__Exercise description__. In the listing that follows, find the line with "چهارمین اجلاس پویش", then copy exactly from it through the line with "Rénovation porte d''entrée", leaving out every picture.
═════ Data ═════
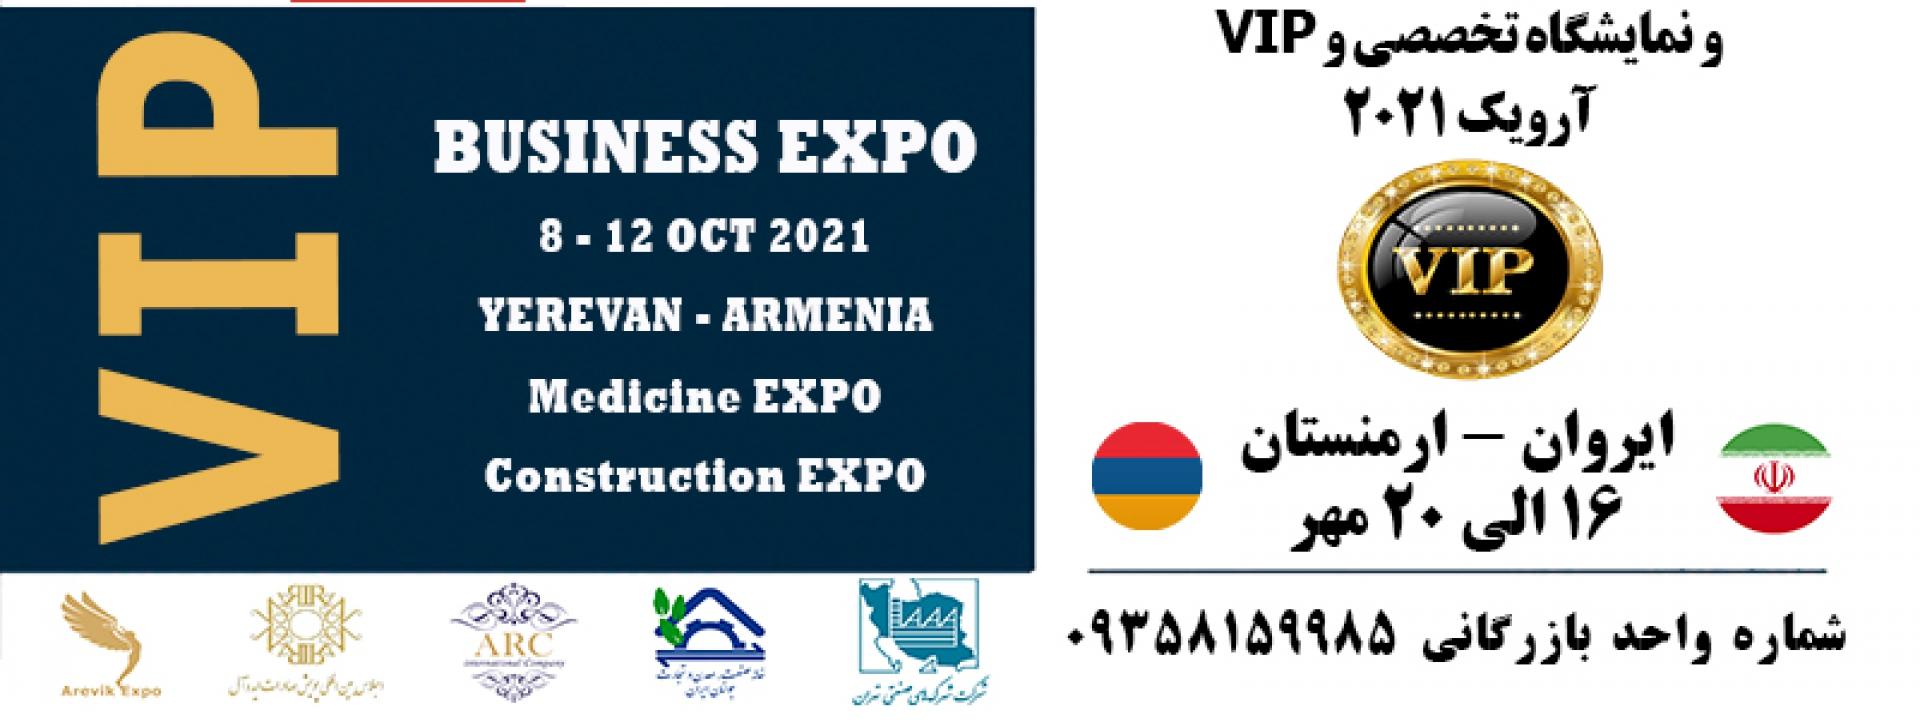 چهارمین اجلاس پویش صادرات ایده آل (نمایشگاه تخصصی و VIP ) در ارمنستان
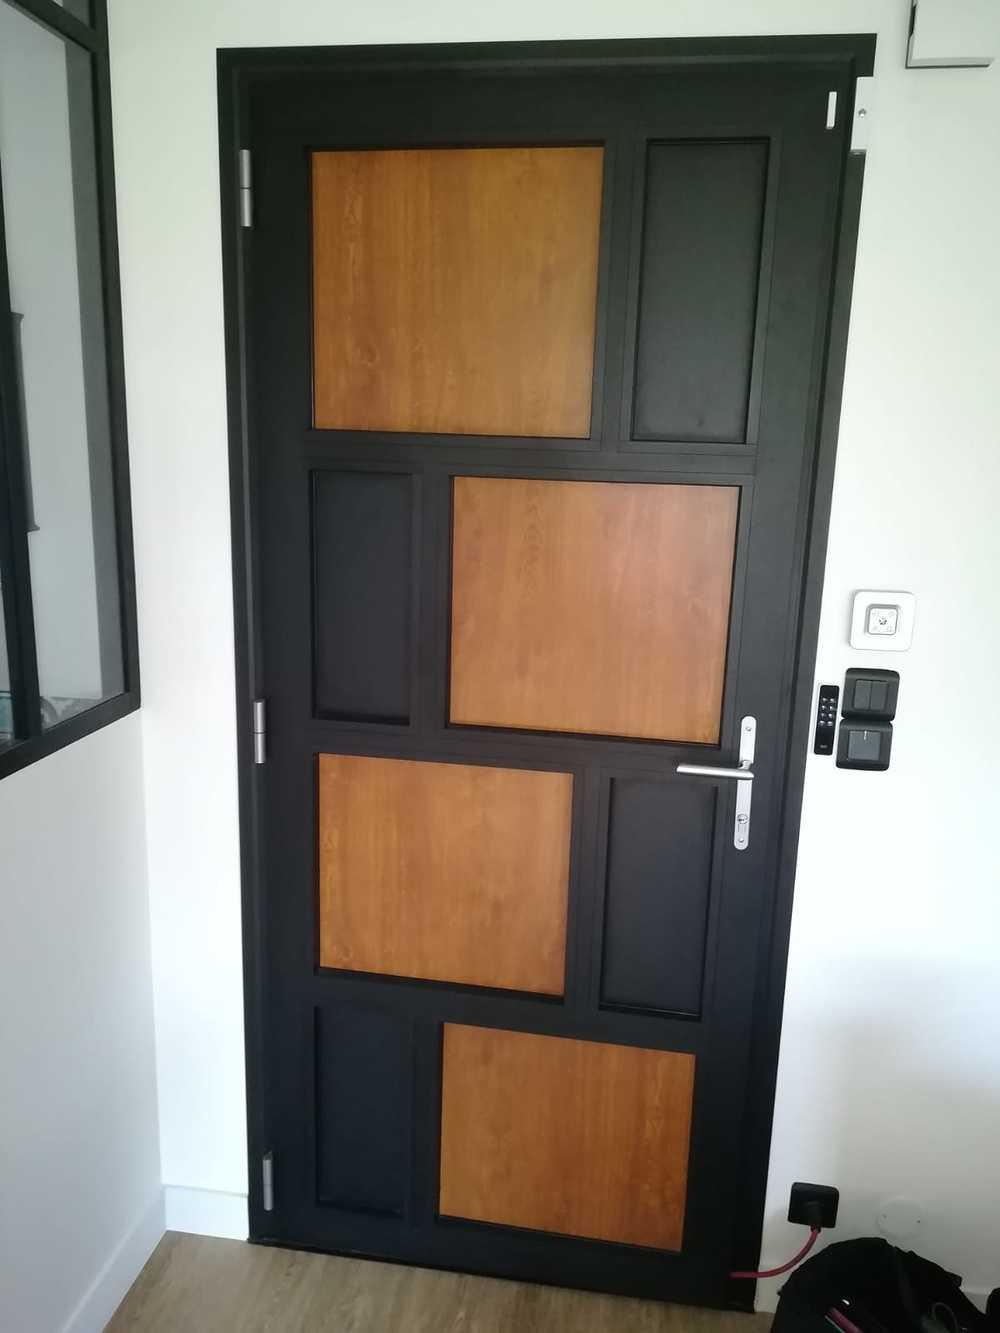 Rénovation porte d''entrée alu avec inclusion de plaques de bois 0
═════
═════ Data ═════
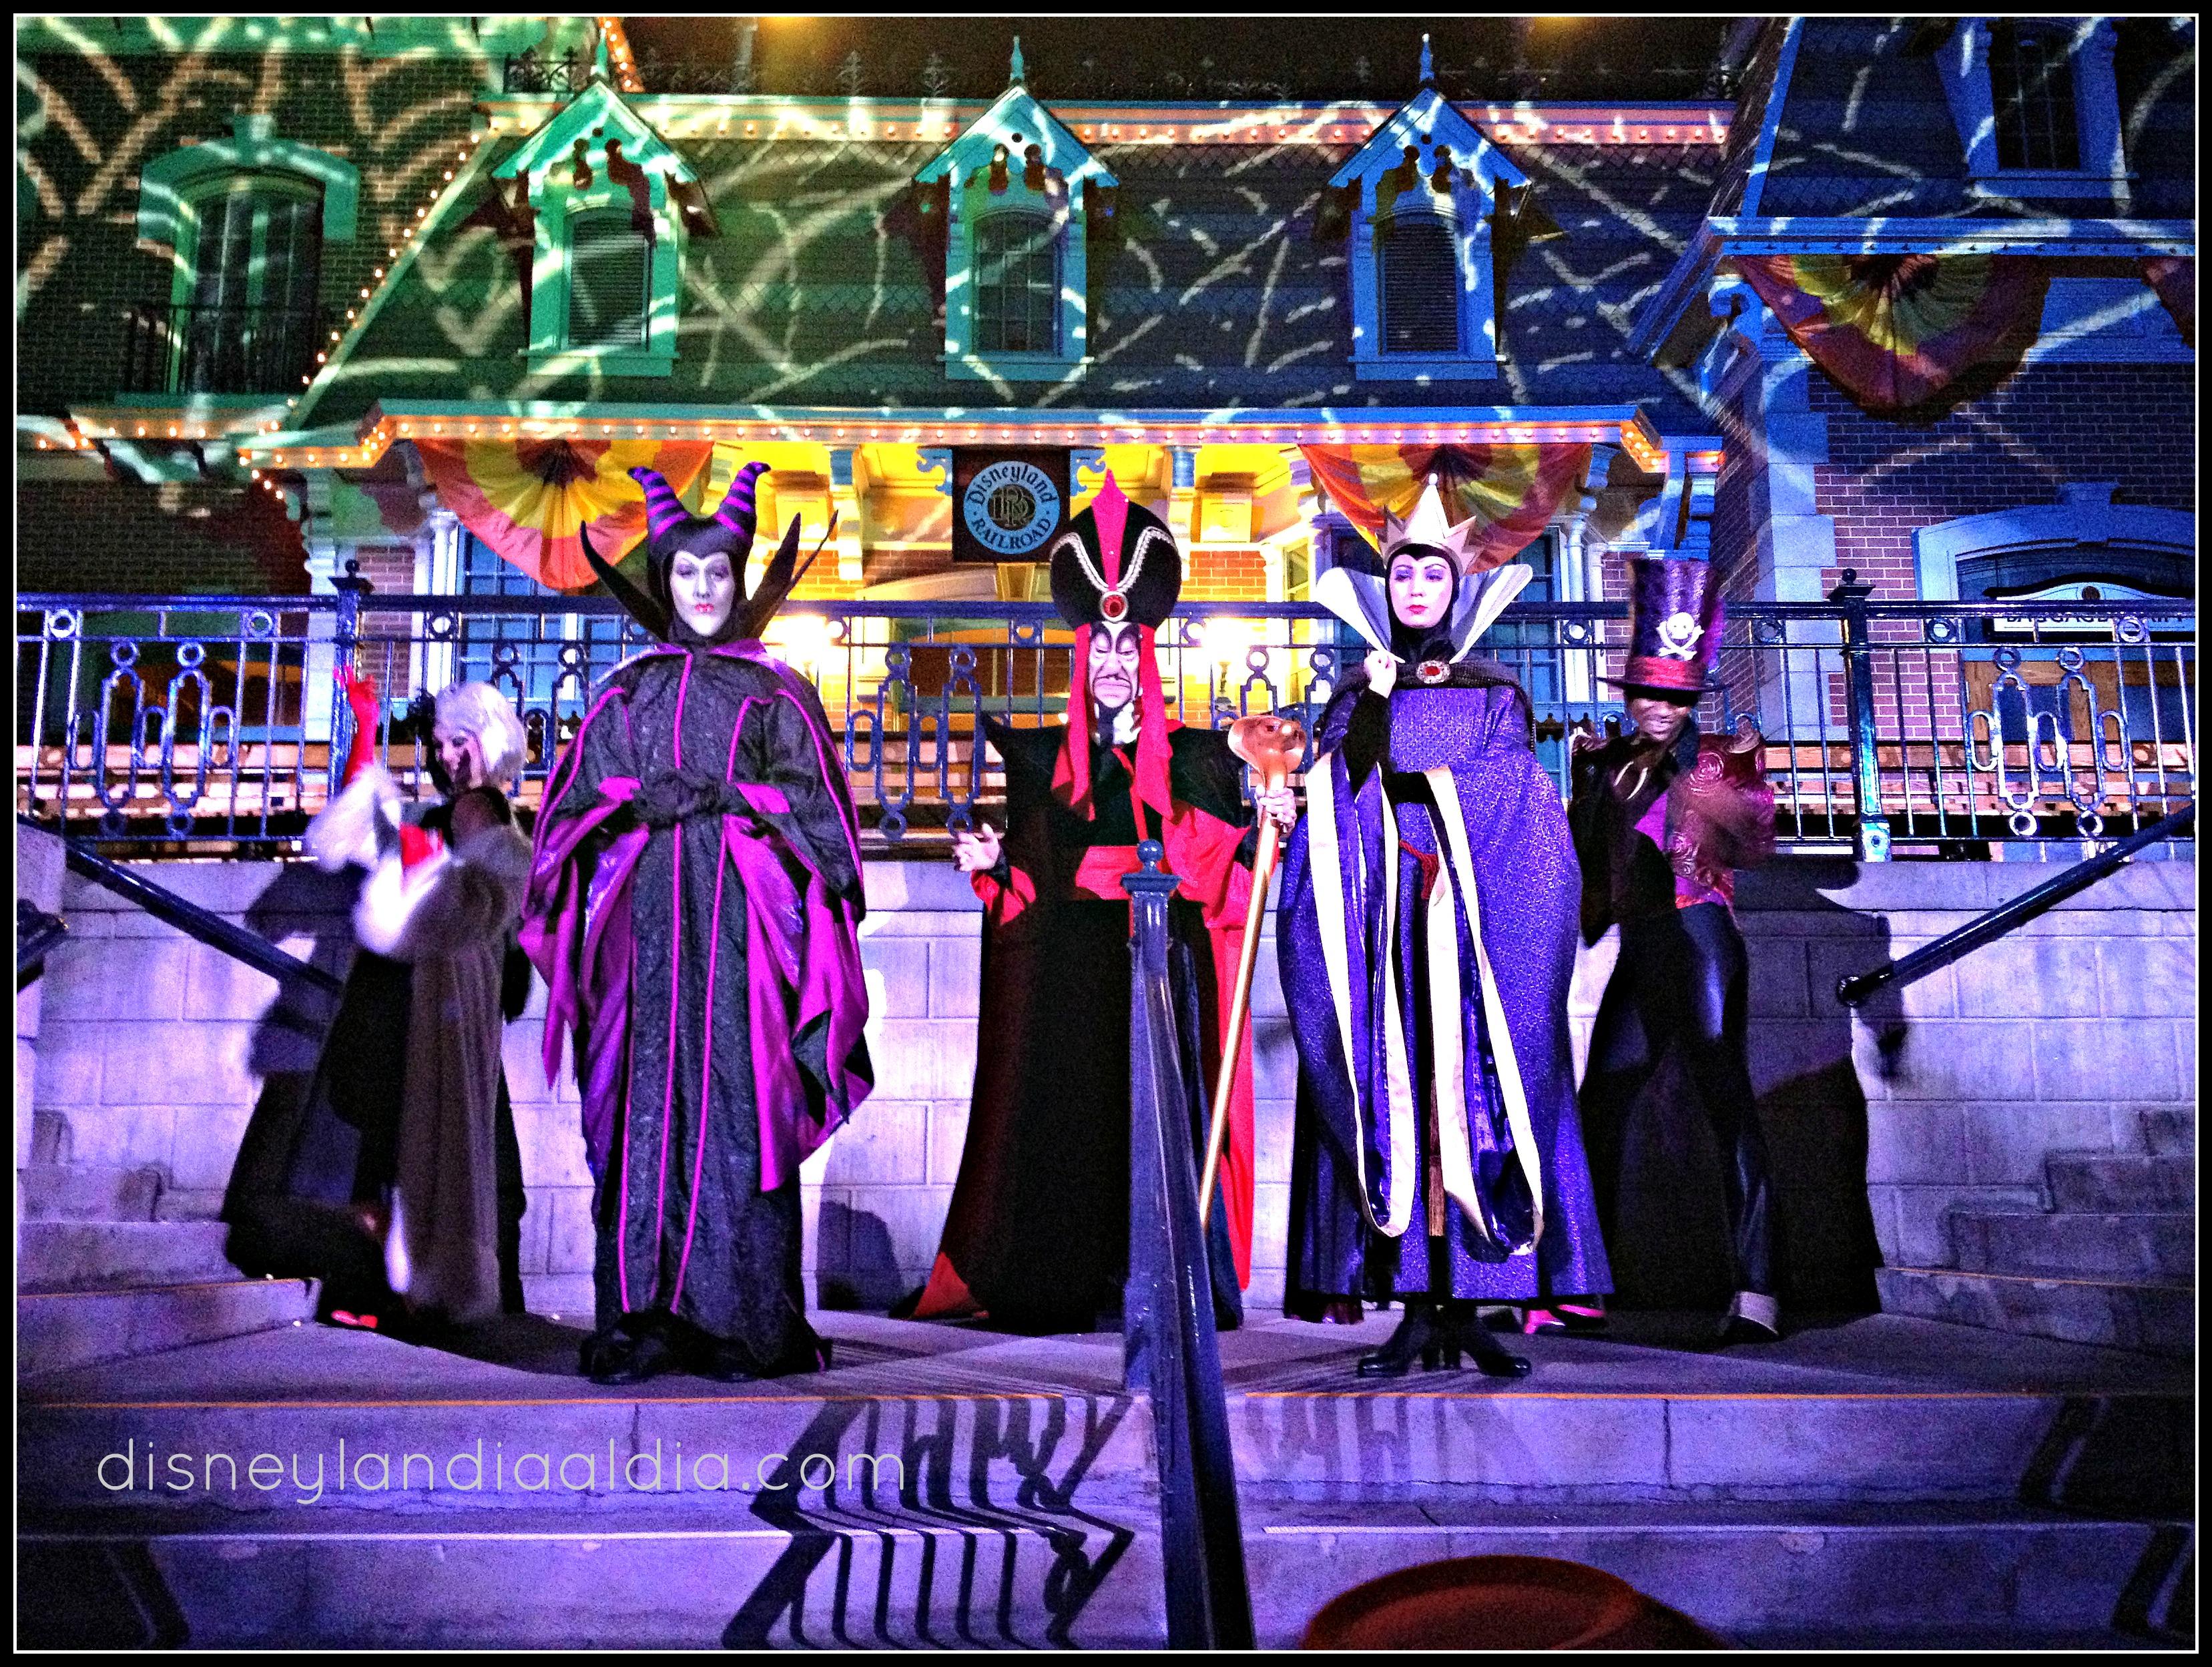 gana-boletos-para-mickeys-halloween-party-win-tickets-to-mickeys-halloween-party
═════
═════ Data ═════
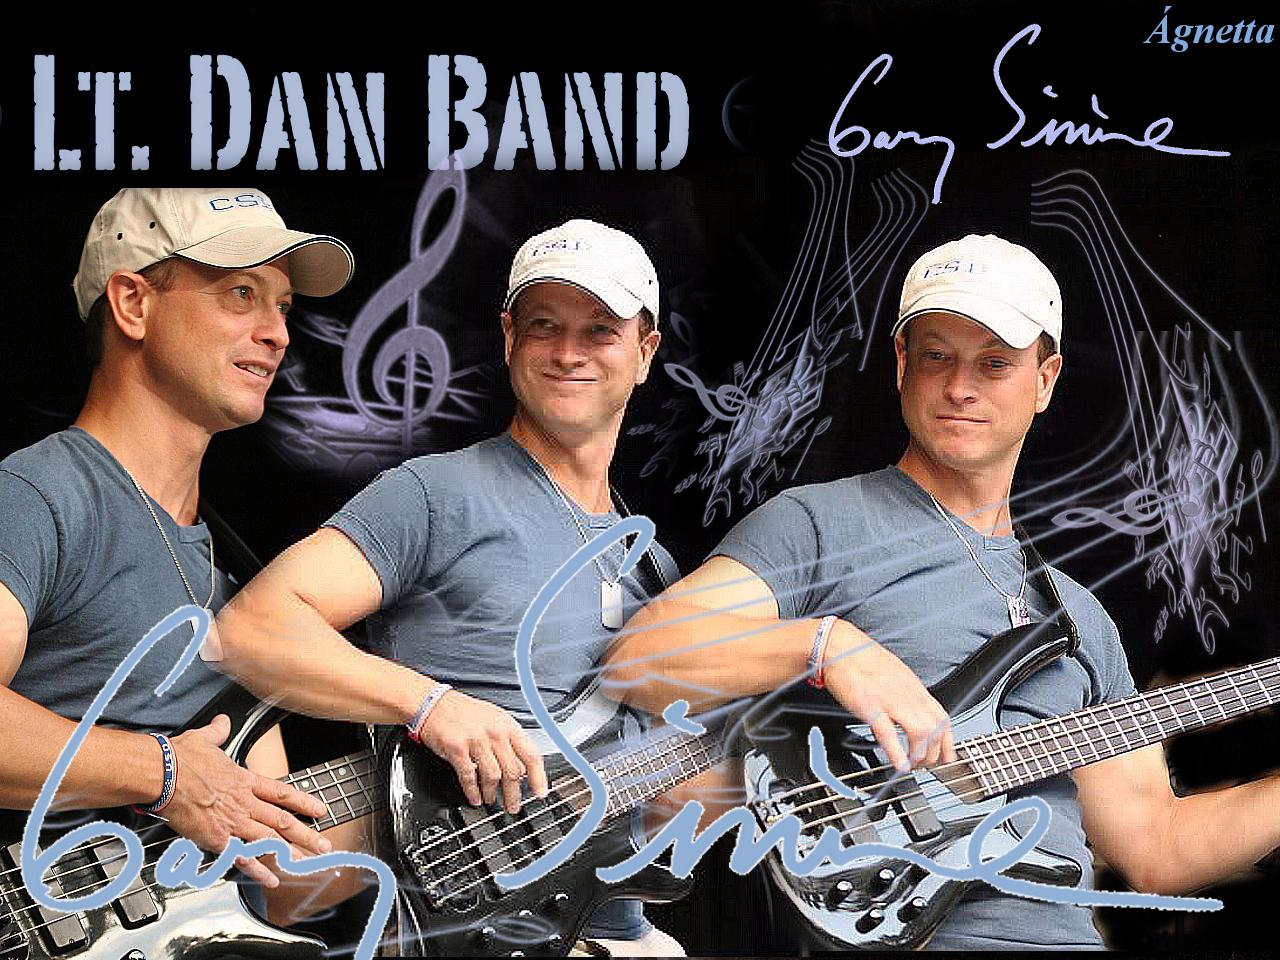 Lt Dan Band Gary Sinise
═════
__Solution to the problem__.
 چهارمین اجلاس پویش صادرات ایده آل (نمایشگاه تخصصی و VIP ) در ارمنستان
 Rénovation porte d''entrée alu avec inclusion de plaques de bois 0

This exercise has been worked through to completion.